部活をしているとコロコロとボールが外に出て行ったから慌てて追いかけると、そのボールは誰かに拾われた。誰かじゃない、結衣さんだった。


「はい、黄瀬クン」
「あ、ありがとうございます。・・・俺の事覚えててくれたんスね」
「そりゃあ挨拶交わしたもん。覚えてるよ」
「同じ中学だったんだ」
「うん。ちなみに私一個上だからね」
「えー見えないッス」
「そこは大人っぽいとか言ってほしかったなぁ」
「あれ?俺ら同学年ッスよね?」
「うん、私ダブってるから」
「え」
「本当よー?」


結衣さんはクスクスと笑う。また一つ気になることができてしまった。ポーンと投げられたボールを受け止めると、結衣さんは眩しいものを見るような目で、俺のことを見つめる。そんな顔されると照れる。


「何してたんスか?」
「何だろう。散歩?」
「部活はしてないんスか?」
「うん。帰宅部」


じゃあ帰ればいいじゃないッスか。とは言えず。俺はボールを掴む手の力を強めた。理由なしに何かをするような人には思えなかったから。でも俺はなんで結衣さんがそういう行動をとったのか考えることはしない。知りたくもない。


「ちょっと見てきますか、バスケ部の練習」
「そうしようかな」


結衣さんは俺の後ろを狭い歩幅でついて歩き、体育館へ戻ると、すたすたと慣れた足取りでギャラリーへ行き、そこからコートを見下ろしていた。制服のスカートからパンツ見えそうッスよ。
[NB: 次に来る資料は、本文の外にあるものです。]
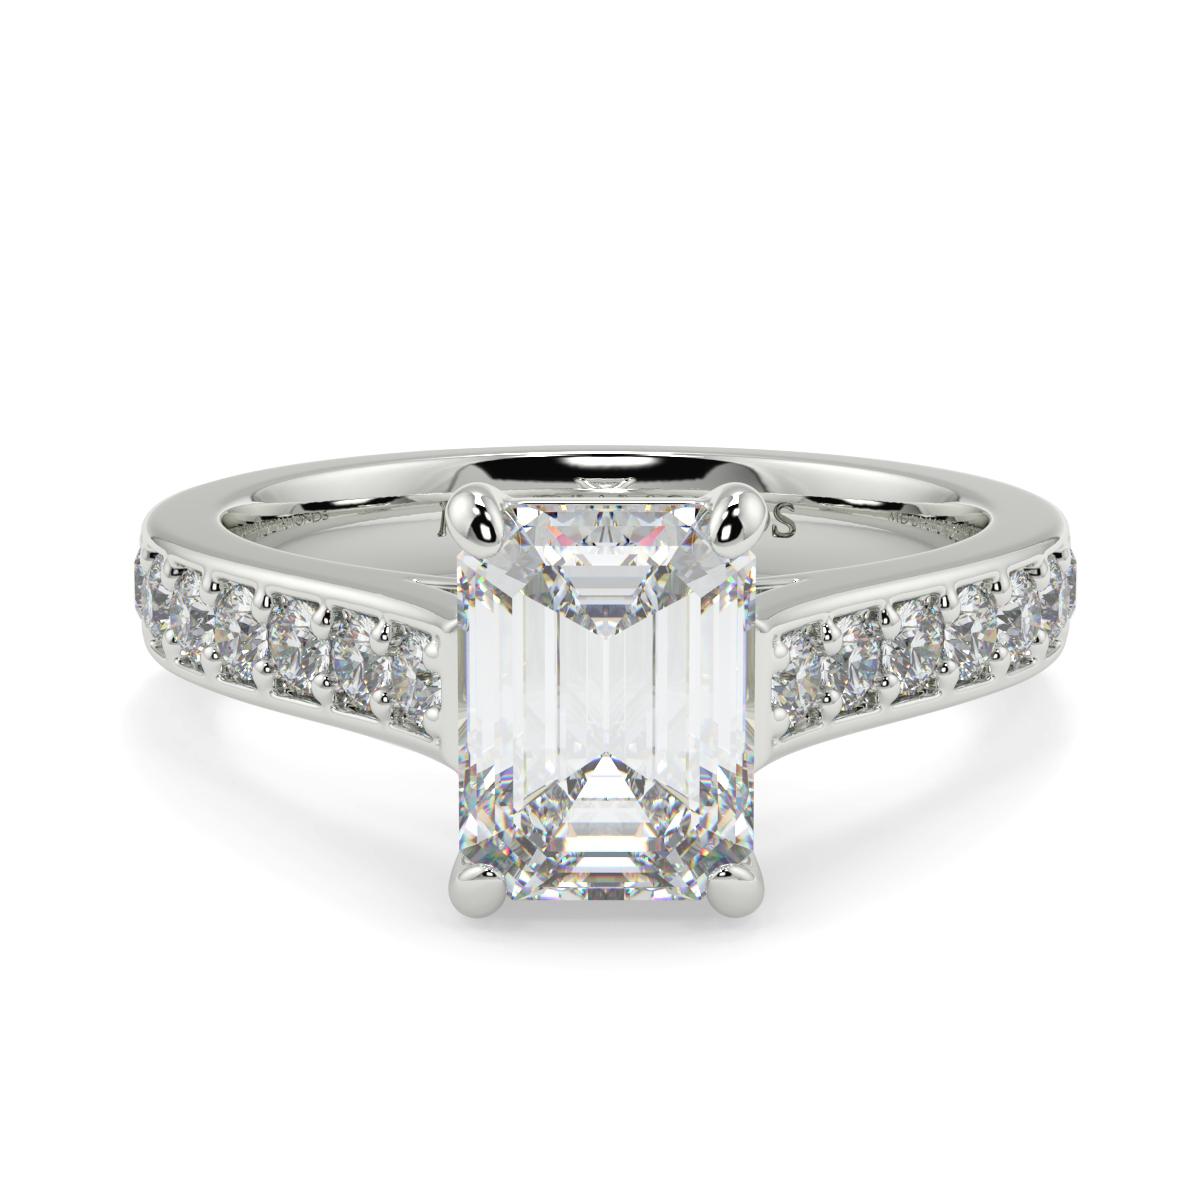 Emerald Cut Pave Set Diamond Ring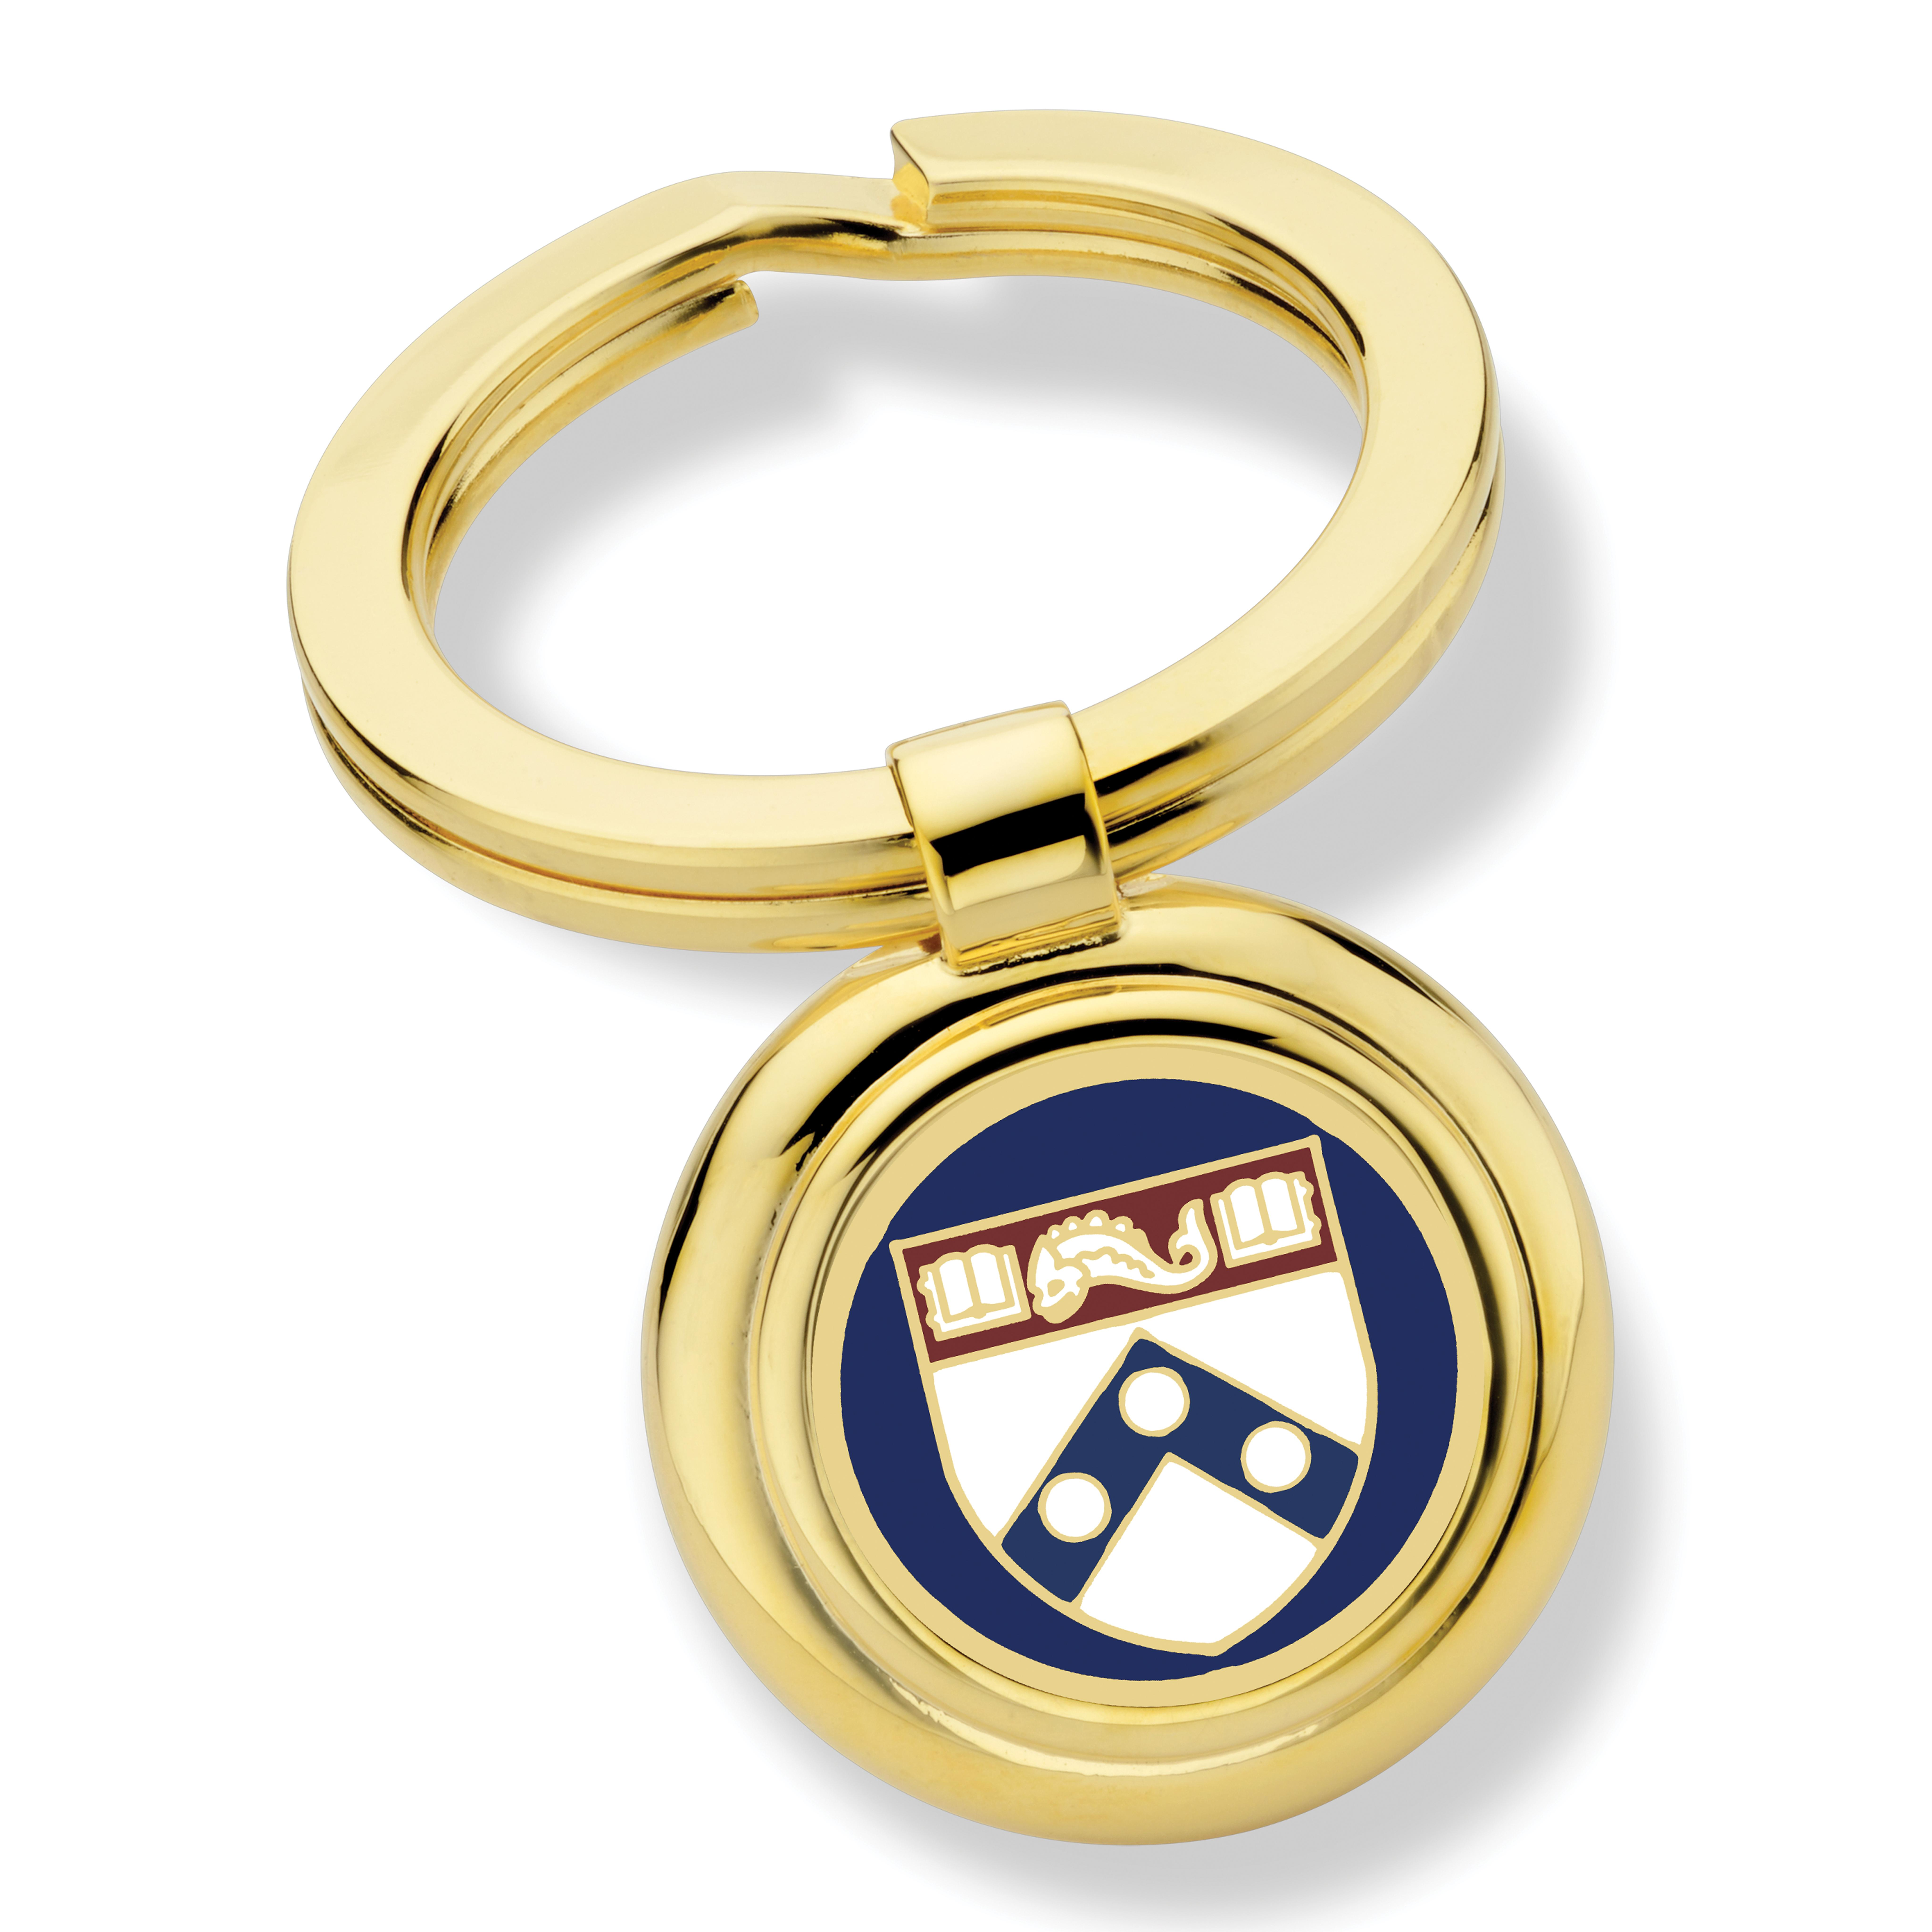 University of Pennsylvania Key Ring

俺よりもバスケめちゃくちゃ上手い人達がいて、でも俺だってレギュラーだしそれなりにじょーずなはずで、一応モデルだし、顔は悪くないし、スタイルだっていいし。俺を見に来てる女の子だってたくさんいる。つまり俺はもてる。女の子の視線一人占めできるくらいもてる。そのはずなのに、結衣さんは一度も俺のことを見てはくれなかった。見つめているのは青峰っち ただひとりだけ だった。



ああ、この人は青峰っちが好きなんだな。



気づかない方が可笑しいと思えるほど、ずっと、結衣さんは青峰っちだけをみていた。青峰っちはそんなこと気づいていないそぶりで、いつも通り練習をこなしている。ねぇ、俺の事も見てよ。

ギリと拳を握りしめる。爪が手のひらに食い込んで痛かった。

こんなあっさりと気づいてしまうのなら、練習見に、なんて誘うんじゃなかった。